まだ朝日が昇らない暗闇の中、俺は外へ出た。修行するためだ。町には、灯りは燈ってはおらず、静寂が広がっている。この静かな空間が、結構気に入ってたりする。まだ暗い空を見上げていると、何かを蹴った。ん?と足元を見てみると、

女の子が倒れていた、俯せで、地面に。ついでにジムの前で。

ぴくりとも動かない女の子に俺は焦る。なんせ、知らなかったとはいえ、蹴飛ばしてしまったのだから。あわてて俺は地面に膝をついた。

「おい、大丈夫か!?」

肩を揺らしてみるが、応答はない。取り敢えず身体を起こそうと抱きかかえようとした。さらりと腕を摩った髪の毛に少しどきっとしたのは…気のせいということにしておく。抱き起し、女の子の顔を覗き込んだ。可愛かった。じゃなくて。女の子の顔は土で汚れていた。汚れを抜いて、女の子の顔色は悪いように思えた。病気で倒れてしまったのか、町医者はまだ寝ている時間だ。どうしようかと思考を巡らしていると、「うう…」と小さな呻き声が聞こえた。俺は女の子の頬を弱く叩く。小さな声で、何かを言っていることに気付いた。

「どうした?なにか――」

「みず、くだ、さい」
脱水症状なのか、そうなのか。そこの広場に水飲み場があるんだ、水は飲み放題なんだ。その時はそんな事を考えてる暇は無く、ただ俺は焦っていたので、

「い、今すぐ持ってきてやるからな!」

頑張れよ!と言い残し、俺はダッシュで家に戻った。水飲み場があることなんて忘れて、ちょっと距離がある家までダッシュで帰った。ダッシュで冷蔵庫へ向かい、2Lペットボトルのおいしい水を取り出し(まだ開けてない)、途中親父に「ど、どうした?何があった?」とか声を掛けられたけど構ってる暇がなかったので無視した。そして女の子が倒れていたところまでダッシュで向かう。2Lが意外と重い、否かなり重い。が、なんとか向かう。そして、女の子の許まで戻ってきた。女の子は動いてなかった。否、動けなかったんだろう。

「ほら水だ、飲めるか?」

俺は地面に座り、飲みやすいように女の子の頭を自分の膝に乗せた。邪な考えなんて無いからな、断じて無いからな。女の子は薄らと目を開いた。目があった瞬間、少しどきっとした。そっと口元にペットボトルの口を近づけた。女の子の唇が、ゆっくりペットボトルの口に触れた。こくん、と女の子の喉が動いたのがわかった。口端から垂れる水が…なんだか…いやいや違う違う邪念を捨てろ俺。眉間に皺が寄ったのがわかった。女の子はそんな事は構いもせず、ごくごくごくごくごくごくと水を…は?一瞬、自分の目を疑った。いやだって、2Lのおいしい水がすでに空に近いとはどういうことだ。

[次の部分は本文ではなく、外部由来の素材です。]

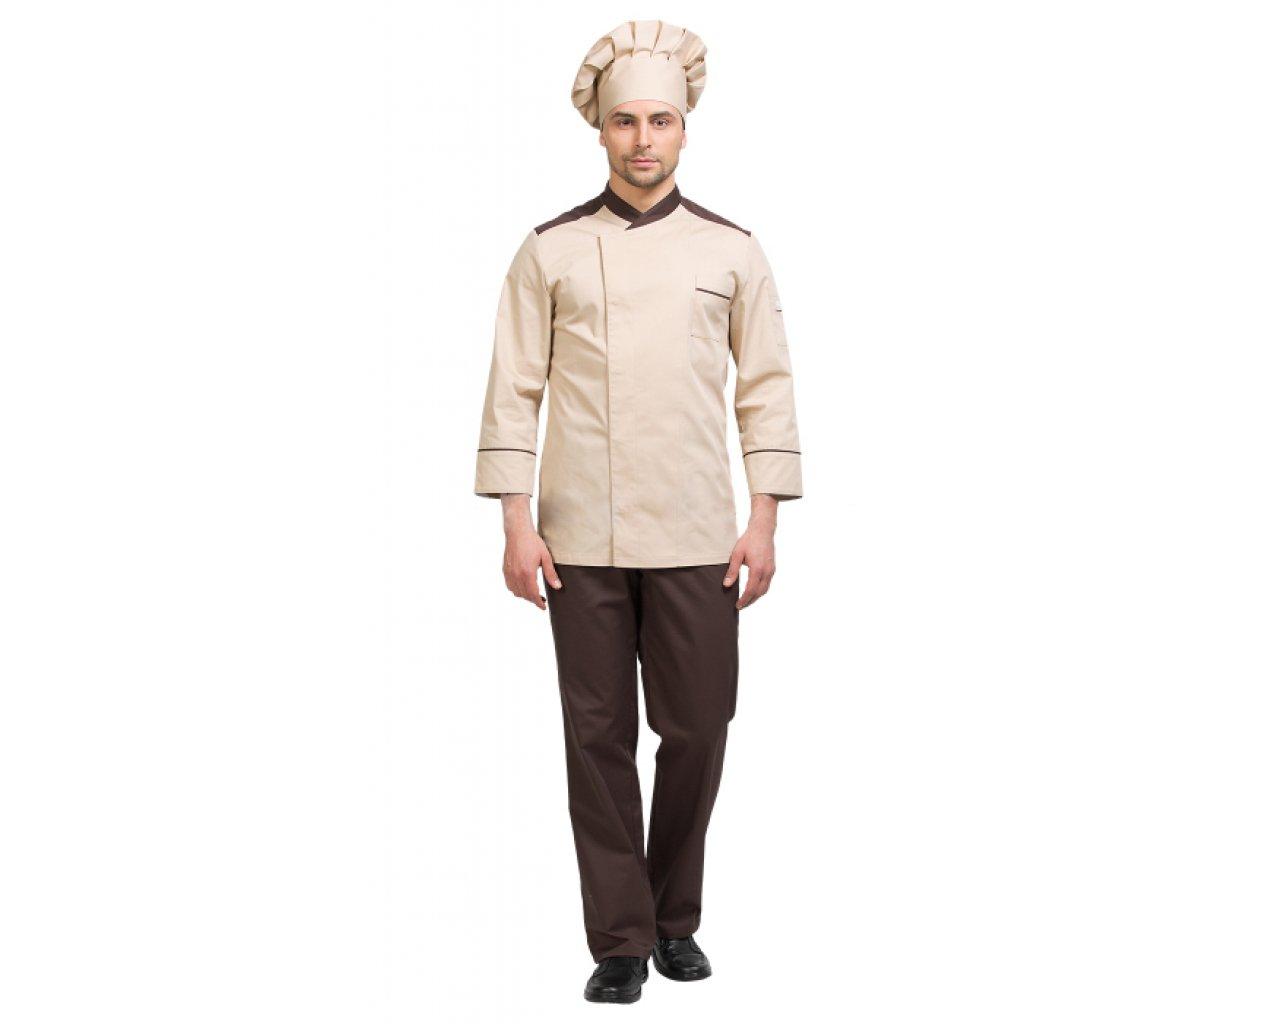 Костюм шеф-повара мужской, бежевый с коричневым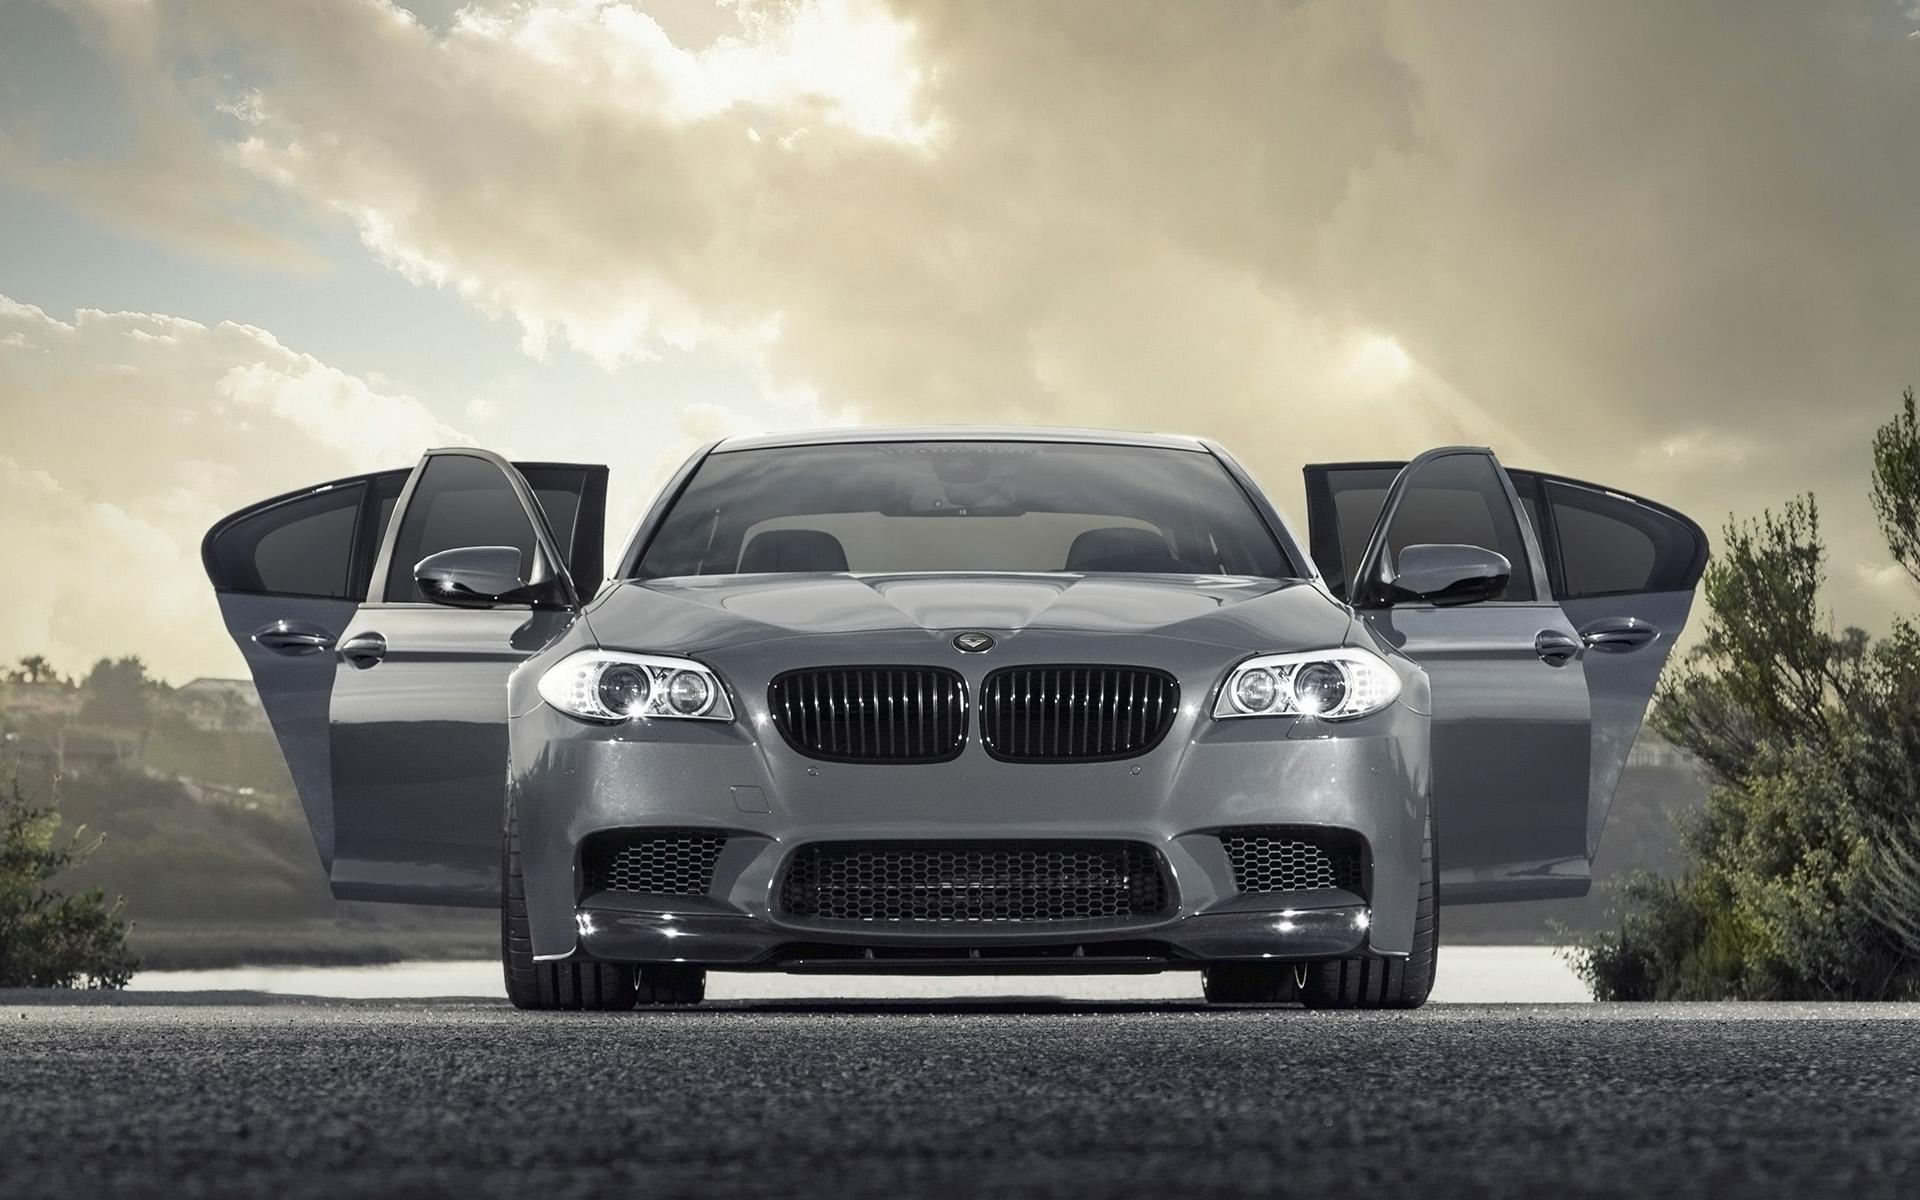 2013 Vorsteiner BMW M5 tuning m-5 hd wallpaper | 1920x1200 | 129089 ...

俺は女の子が水を飲み始めてからの息づきを見ていない。一気飲み…2Lを一気飲み…脱水症状時に一気飲みって大丈夫なのか…?呆然とそんなのこと考えた。女の子はいつの間にか身体を起こしていた。ごくり、最後の一口を飲み、

「…ぷはーっ!生き返りました!死にかかっていたところ助けていただき本当にありがとうございました!死なずに済みました!」

ありがとう、命の恩人!と手を握られた。いや、もうテンションといい、2Lのおいしい水を飲みきったことといい、追いつけないんだが。

「…とりあえず、身体に異常はないんだな…?」

「異常?特にないです」

じゃあなんで倒れたんだよ。とツッコミを入れたい。水なんてどこでも飲めるだろ、空腹で倒れたなら兎も角。

「旅に夢中で水分取るの忘れちゃって」

なんとも危ない旅人である。新人トレーナーだろうか?いやそれにしたって、脱水症状って…。

「お腹は何故か空かないんですよね。もう3日も食べてないのに」

不思議ですよねー!あはは、なんて笑えない言葉を聞いてしまった。ぷっつんと俺はキレた。

「トレーナーなら自分の体調管理もちゃんとしろ!」

「ひっ!」

「それができないなら旅なんてするな!!」

「ご、ごめんなさい」

静寂な町に怒号が響いた…やばい近所迷惑だ。取り敢えず落ち着け俺。

「とりあえず、俺のうちに来い。飯くらいは出してやる」

言っておくが、お持ち帰りではない。